I was thinking of the view up there. The hill upon which it sits is 100 feet above the rocks. The lighthouse is a further 80 feet up. You can see all the way to the horizon in every direction—three ways out across the ocean and the fourth to the road leading to downtown Montauk and the Hamptons. The sunrises must be incredible. And with the Historical Society owning the property, no real estate taxes.
“You’d be amazed how many of my friends have called me asking if I’d like some company since I agreed to take on this job.”
“I’d be another,” I said.
Joe Gaviola, the new lighthouse keeper, is not only a Wall Street investor and a lifelong fisherman, but is moving to the lighthouse as the culmination of a long life experience.
Born and raised in Dix Hills, he threw his first surfcasting line into the Atlantic Ocean off the boulders at Montauk in 1960, when he was six years old. His parents had been coming out to vacation at the Snug Harbor Motel in Montauk. Soon afterwards, they bought property and built a vacation home on the shore of Lake Montauk. Both his parents loved Montauk in the summertime.
But Joe found he loved coming out here all year round. And he loved fishing, both surfcasting and offshore. He came out every summer when he was in college in Rhode Island to work as a mate on the fishing boats.
There were tragedies in his life in the late 1980s. His eldest daughter became critically ill. Although she completely recovered, he resigned from the corporate world when she became ill, and his wife, an attorney, also resigned, so the two could live with her in Montauk full time during her recovery.
As a result, the pair decided to make a life for themselves in Montauk. He joined the Board of Suffolk Bancorp in 1992, and became its chairman in 2012.

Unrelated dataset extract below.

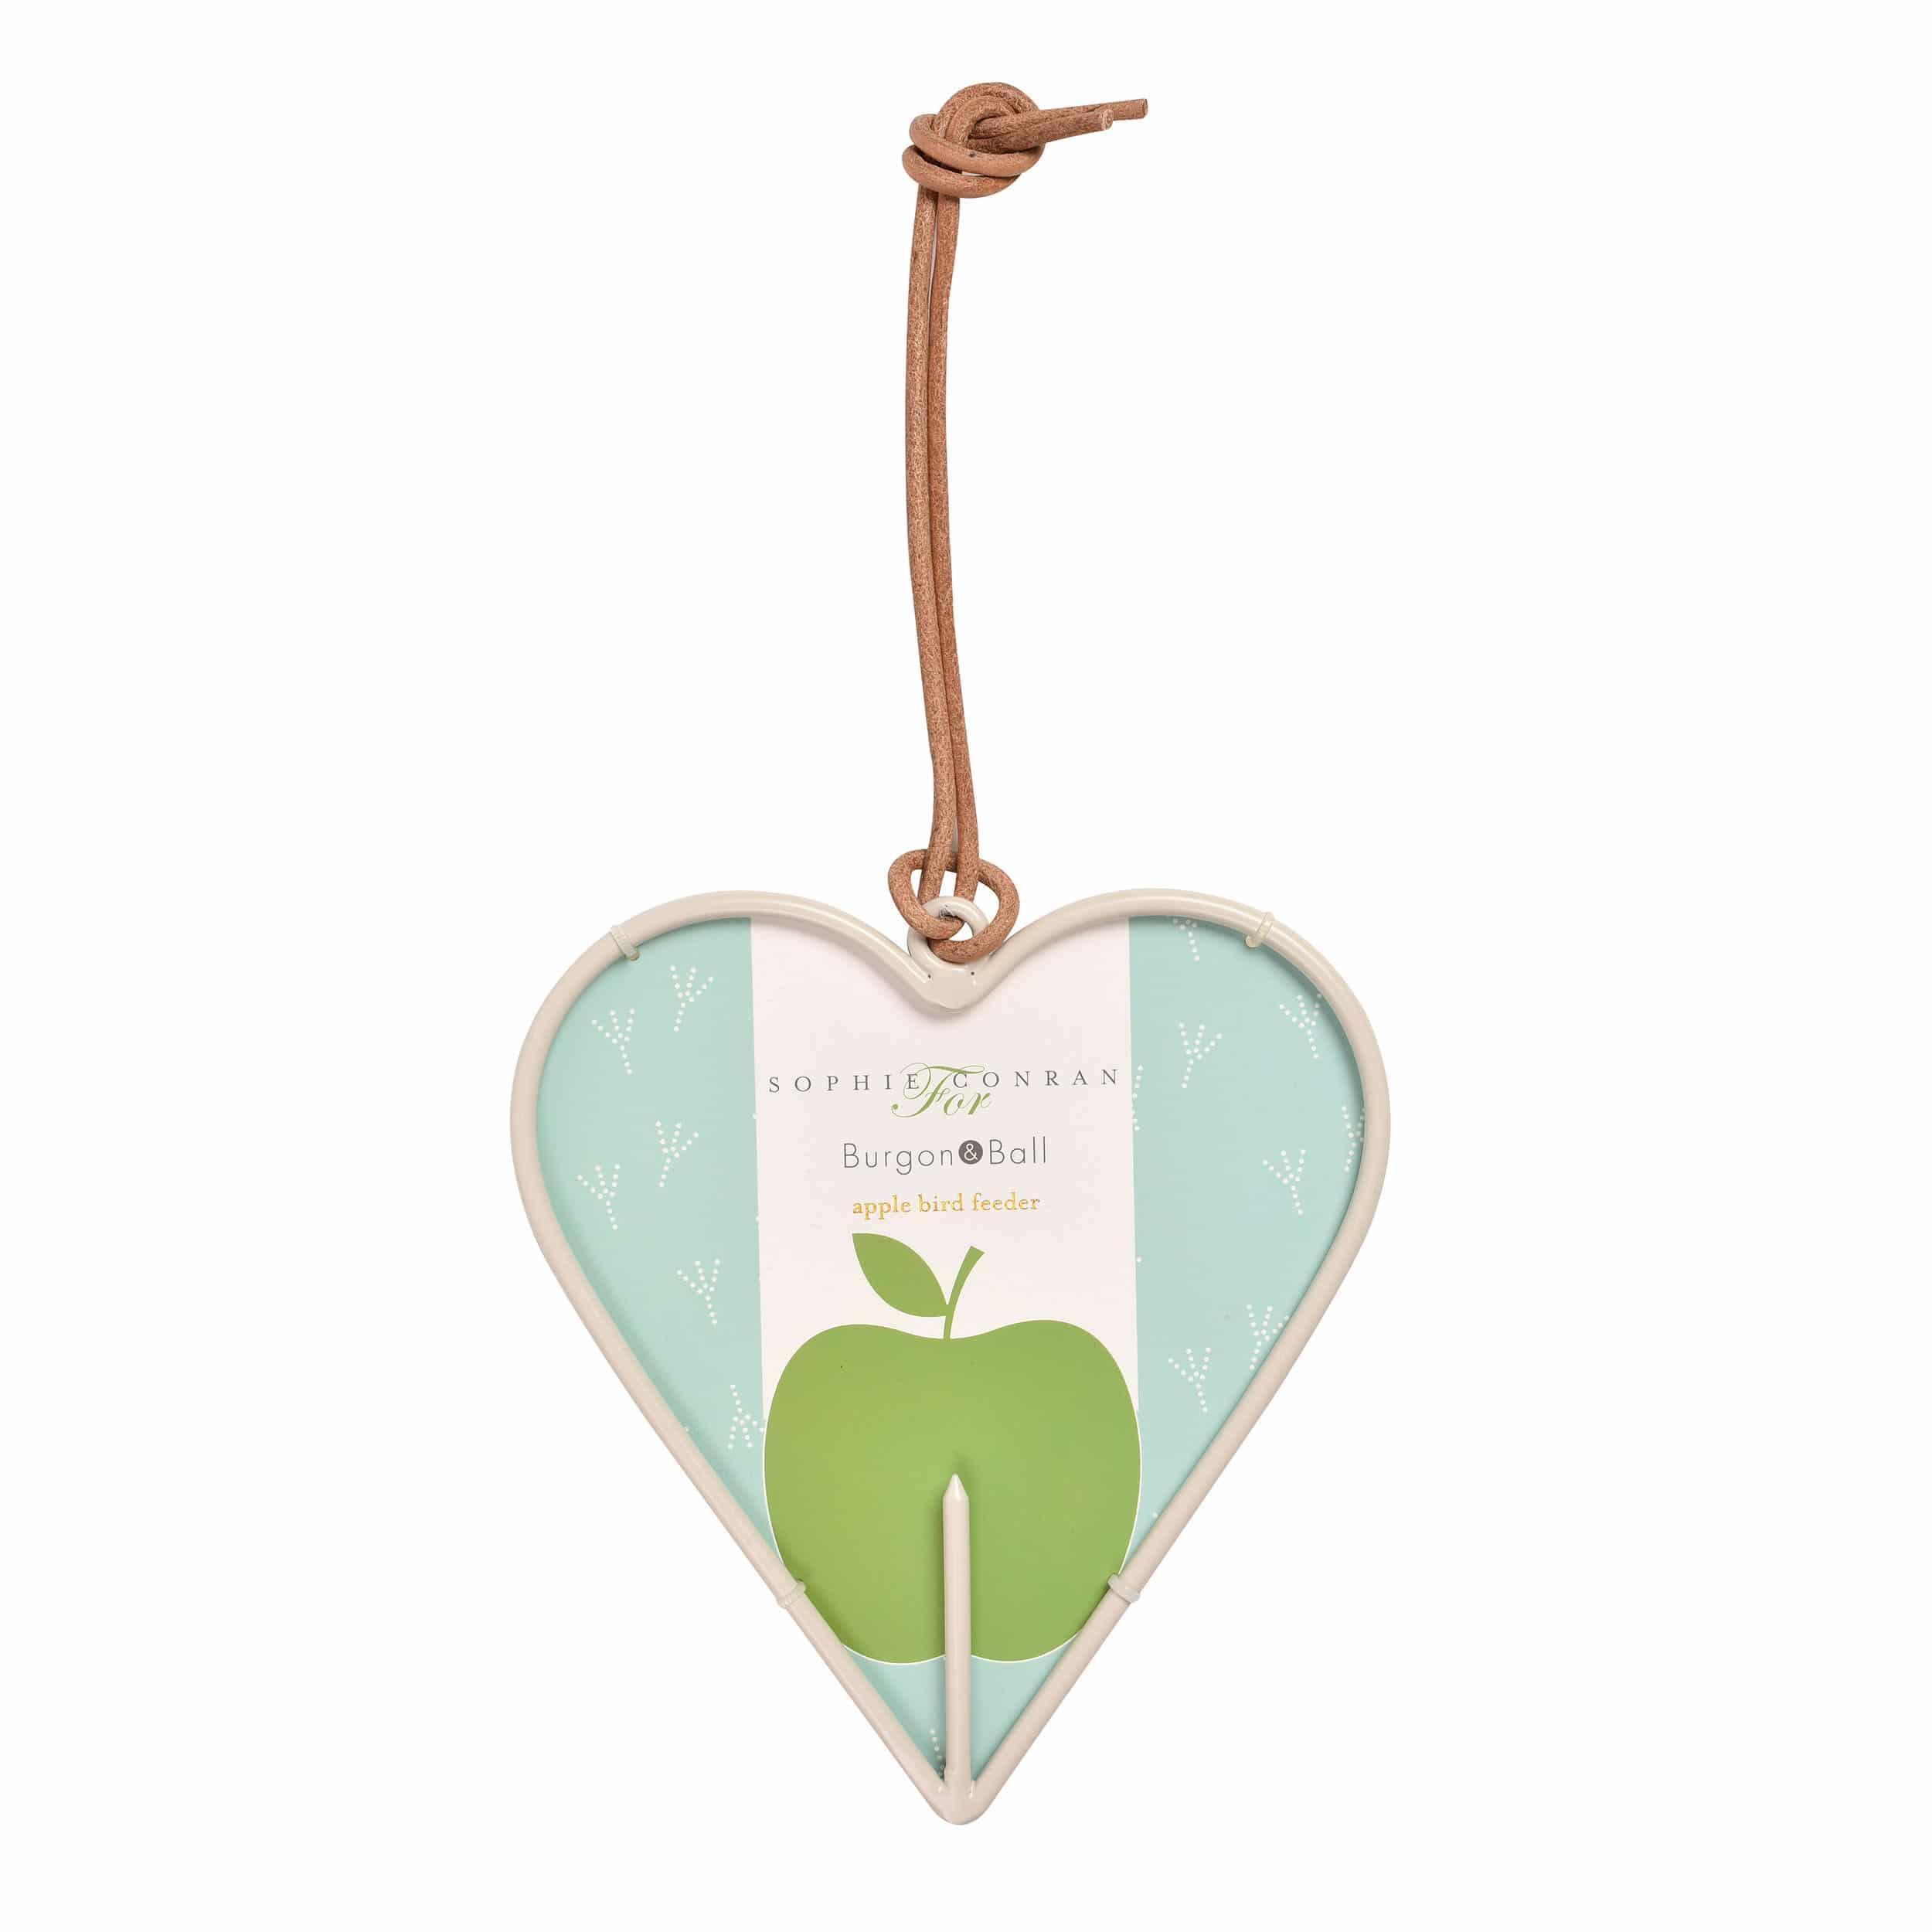 Apfelhalter für Vögel - Herz

He also started numerous businesses in Montauk. He opened Gaviola’s Market at the fishing village. He opened Finest Kind Wine & Liquors. He started up a business called Chris-Nic, named for his daughters. And he opened Atlantic East Realty. He also became a leader out at the fishing village, and together with John Gosman spearheaded the formation of the Montauk Harbor Association, which cleaned up the jumble of the fishing village signs, installed rustic street lights, put in sidewalks and worked to remove trash and junked boats, making it attractive for visitors.
“Montauk now runs the biggest striped bass contest in the country,” he told me.
He also took positions in the East Hampton Town government, which is the township that Montauk is in.
Gaviola was chairman of the town finance board after the McGintee years, when the Town nearly went bankrupt. And he has served for six years on the Planning Board.
Knock, knock.
Who’s there?
It’s me, Joe. Dan. Wondered if I could come in and watch the Yankee game on TV with you tonight?